Visto desde fuera de la fe, desde la naturaleza racional del hombre, el hecho
parece tan grotesco y absurdo como una historieta infantil.
Con todo, y a pesar de haberlo calificado ya
de grotesco, el escándalo se agrava, aún más si cabe, al analizar la clase de
hombre en el que la pretendida divinidad se encarnó. Si bien es cierto que el
judaísmo ha esperado y sigue esperando un mesías, esa beatífica ilusión nada
tiene que ver con este Jesús de Nazaret, que no apareció en medio del Imperio,
sino en el último de los rincones del mundo romano, humilde de nacimiento y de
instrucción, ni sacerdote ni político, carpintero de oficio, pobre de
solemnidad, y en fin, perseguido y crucificado por su propio pueblo bajo la
acusación de impostor y sacrílego. No solamente se encarnó, para lo cual ya
hace falta echarle ganas, es que además falló tanto en el empeño que acabó en
una cruz, signo de maldición entre los suyos ("maldito el que pende de un
madero"). Así de contradictoria con los valores de los hombres es la
biografía del más grande Hombre de la historia.
La ciencia actual ha echado mano de todos los
recursos para desentrañar el hecho y, si es posible, destruirlo. La vaguedad en
los relatos de los evangelistas es tan exagerada que, con todo fundamento, se
ha llegado incluso a poner en duda la existencia misma de Jesús de Nazaret.

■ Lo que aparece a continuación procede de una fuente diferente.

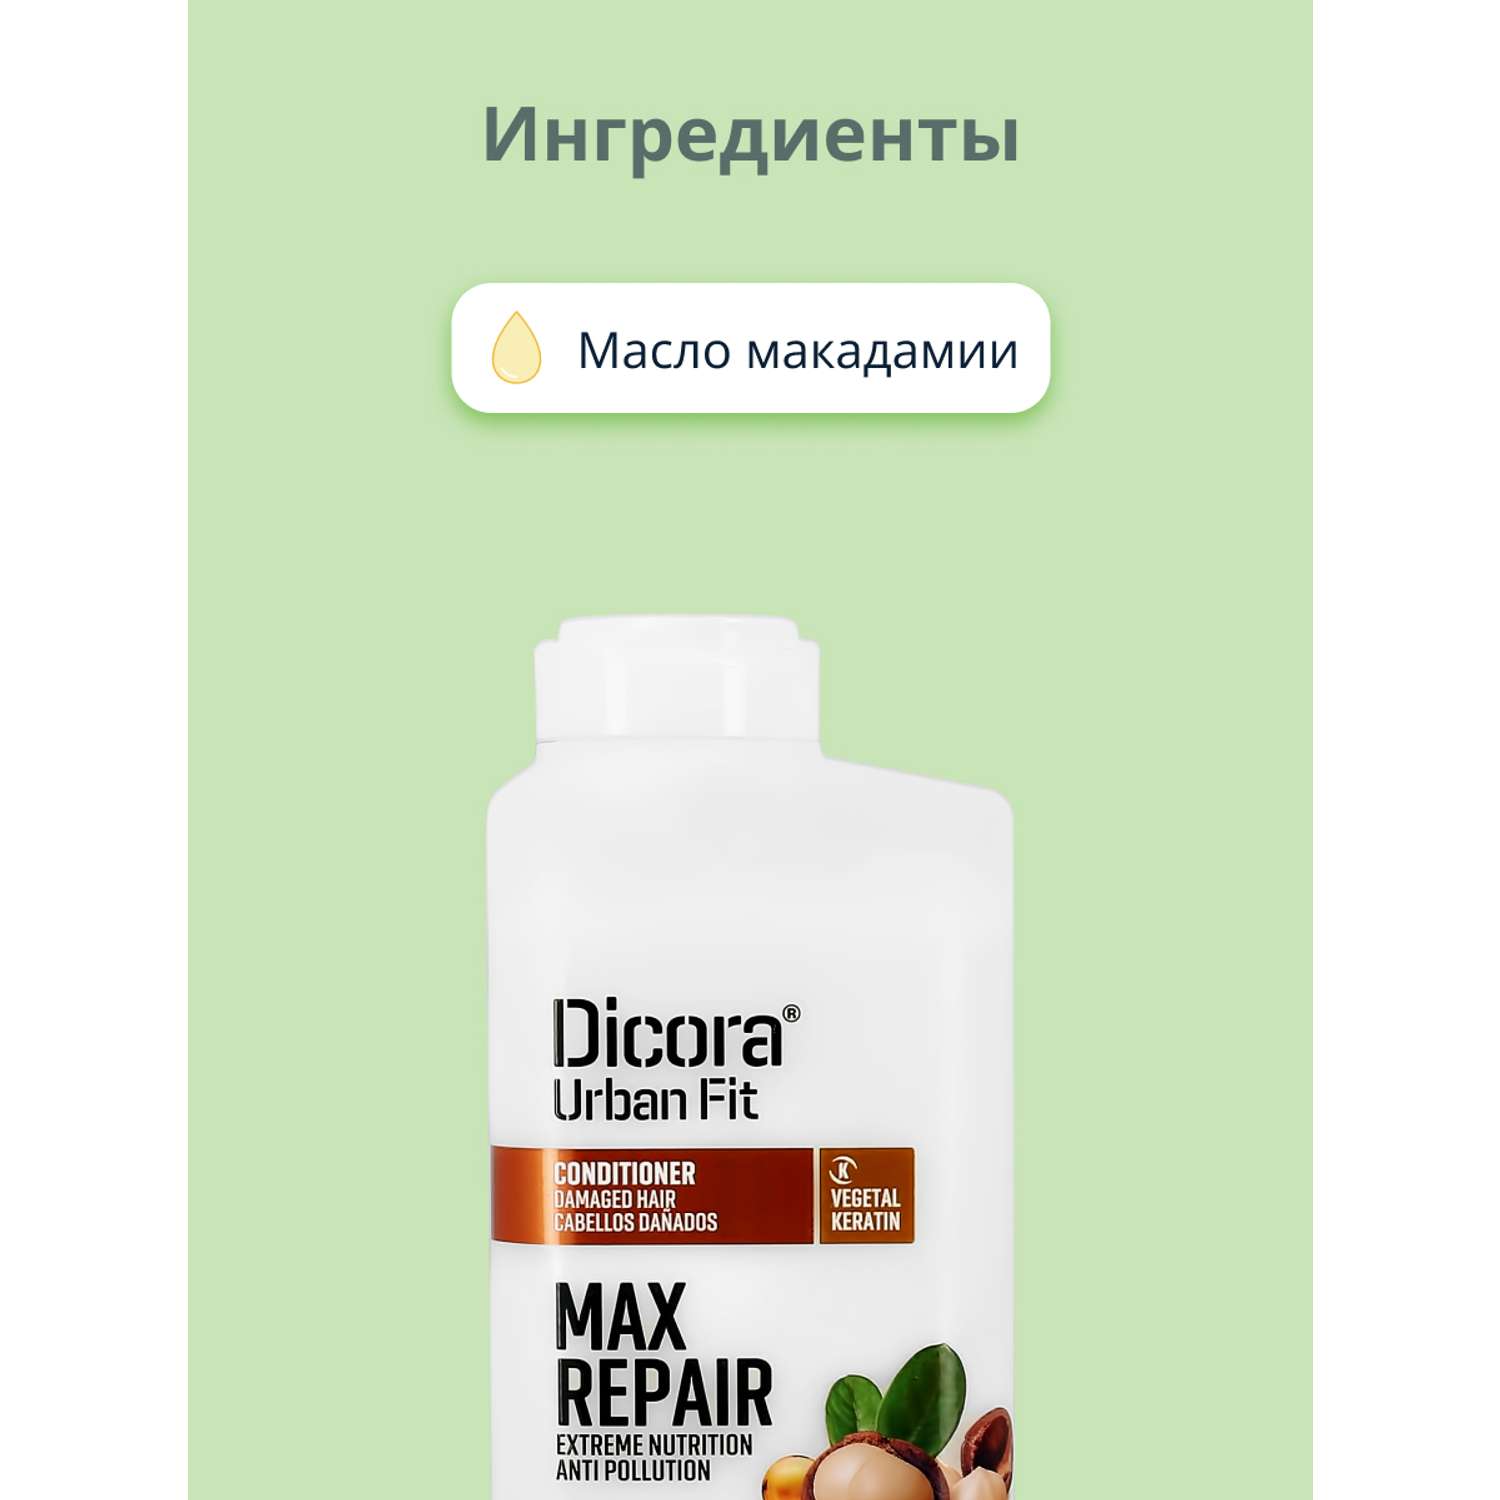 Кондиционер для волос DICORA URBAN FIT с маслом макадамии (экстра восстановление и питание) 400 мл - фото 2

"En aquel tiempo.....", pero sin decirnos cuándo; "En el camino
a .....", pero sin aclararnos dónde, son los datos inconcretos y comunes
por los que suelen comenzar casi todos los capítulos. Además, el rincón y la
hora elegidos para su paso por este mundo fueron tan marginales que, salvo el
de sus seguidores, resulta difícil hallar algún testimonio histórico. Pero sí
los hubo. Flavio Josefo, judío del año 37 d.C., se extendió en un bello párrafo
sobre las excelencias del llamado Cristo y sobre sus seguidores. Sin embargo,
cabe la sospecha fundada de que, precisamente alguno de éstos seguidores,
consiguió intercalar el mencionado párrafo entre las páginas del historiador.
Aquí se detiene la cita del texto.